/msia423_project

Web app that predicts a cuisine based on ingredients

Primary LanguageJupyter Notebook

Cuisine Machine

Web App for MSiA 423 Analytics Value Chain Class

Team

Developer: Anisha Dubhashi
Project Owner: Jerry Chen
QA: Yiwei Sun

Project Charter

Vision

Help people choose a cuisine for the next meal they cook based on ingredients they have in their pantry. This functionality will increase users' interactions with the recipe site, increasing engagement, retention, and brand awareness.

Mission

Create a web app to predict the category of a dish's cuisine given a user's input of a list of ingredients.

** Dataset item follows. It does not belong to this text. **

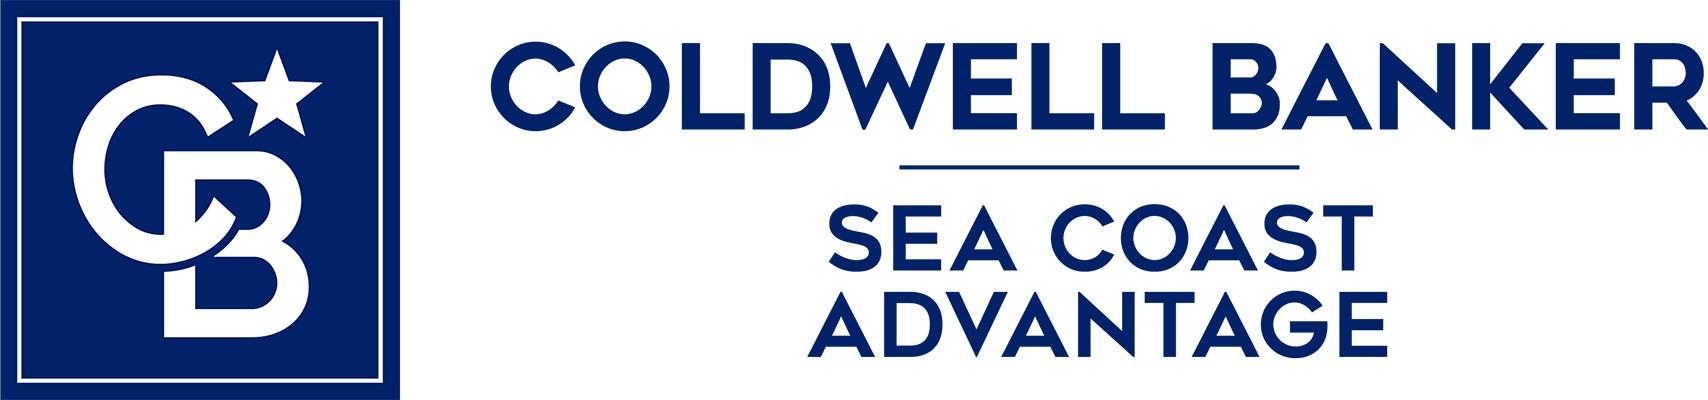 Stephanie Putnam - Coldwell Banker Sea Coast Advantage Realty Logo

The underlying model will be a classification model based on 40,000 recipes from Yummly. The data includes the cuisine and list of ingredients for each recipe id in json files.

Success criteria

This project will be successful if the model is deployed on AWS, and if the user inputs in the web app score the model in real-time.

Dataset

Over 40k recipes from Yummly including ingredients and classified cuisines: https://www.kaggle.com/kaggle/recipe-ingredients-dataset/data

Final presentation

Presentation with project overview, including motivation, data description, model description, and webapp screenshot: [deck]

Steps

# Set up virtual environment
# Set repository as working directory
> cd msia423_project
> source ./py/bin/activate
> pip install -r requirement.txt

# Prepare data
> python create_db.py 
> cd development 
> python clean_data.py 
> python train_model.py 

# Run app
> cd msia423_project
> python application.py

Directory Structure

├── README.md           	<- README for developers using this project   
│
├── app                 	<- stores everything related to front-end web app  
│ 
│    ├── static 				<- stores webapp background images   
│    │ 
│    ├── templates 				<- stores webapp html   
│	 │
│    │   ├── index.html 				<- homepage with data entry  
│    │   │
│    │   ├── handle_data.html 			<- prediction page with response  
│    │   
│    ├── __init__.py 			<- initializes flask  
│    │
│    ├── models.py 				<- creates database  
│    
├── development         	<- stores everything related to data analysis and model build  
│    │        
│    ├── data              		<- test & train data from kaggle in .json files  
│    │
│    ├── notebooks 				<- jupyter notebooks from initial development  
│    │
│    ├── clean_data.py         	<- function to import and clean .json data  
│    │
│    ├── train_model.py        	<- function to vectorize data and train model   
│    │
│    ├── predict_response.py   	<- function to predict from user input   
│    │
│    ├── cl.pkl        			<- logistic regression classifier saved as pkl file  
│    │ 
│    ├── ve.pkl        			<- vectorizer saved as pkl file   
│    
├── docs                	<- stores Sphinx documentation   
│   
├── static              	<- stores webapp background images    
│   
├── application.py 			<- runs flask for webapp    
│   
├── config.py 				<- links database    
│   
├── create_db.py 			<- creates database    
│   
├── requirements.txt 		<- requirements file  

Pivotal Tracker Link

https://www.pivotaltracker.com/n/projects/2141920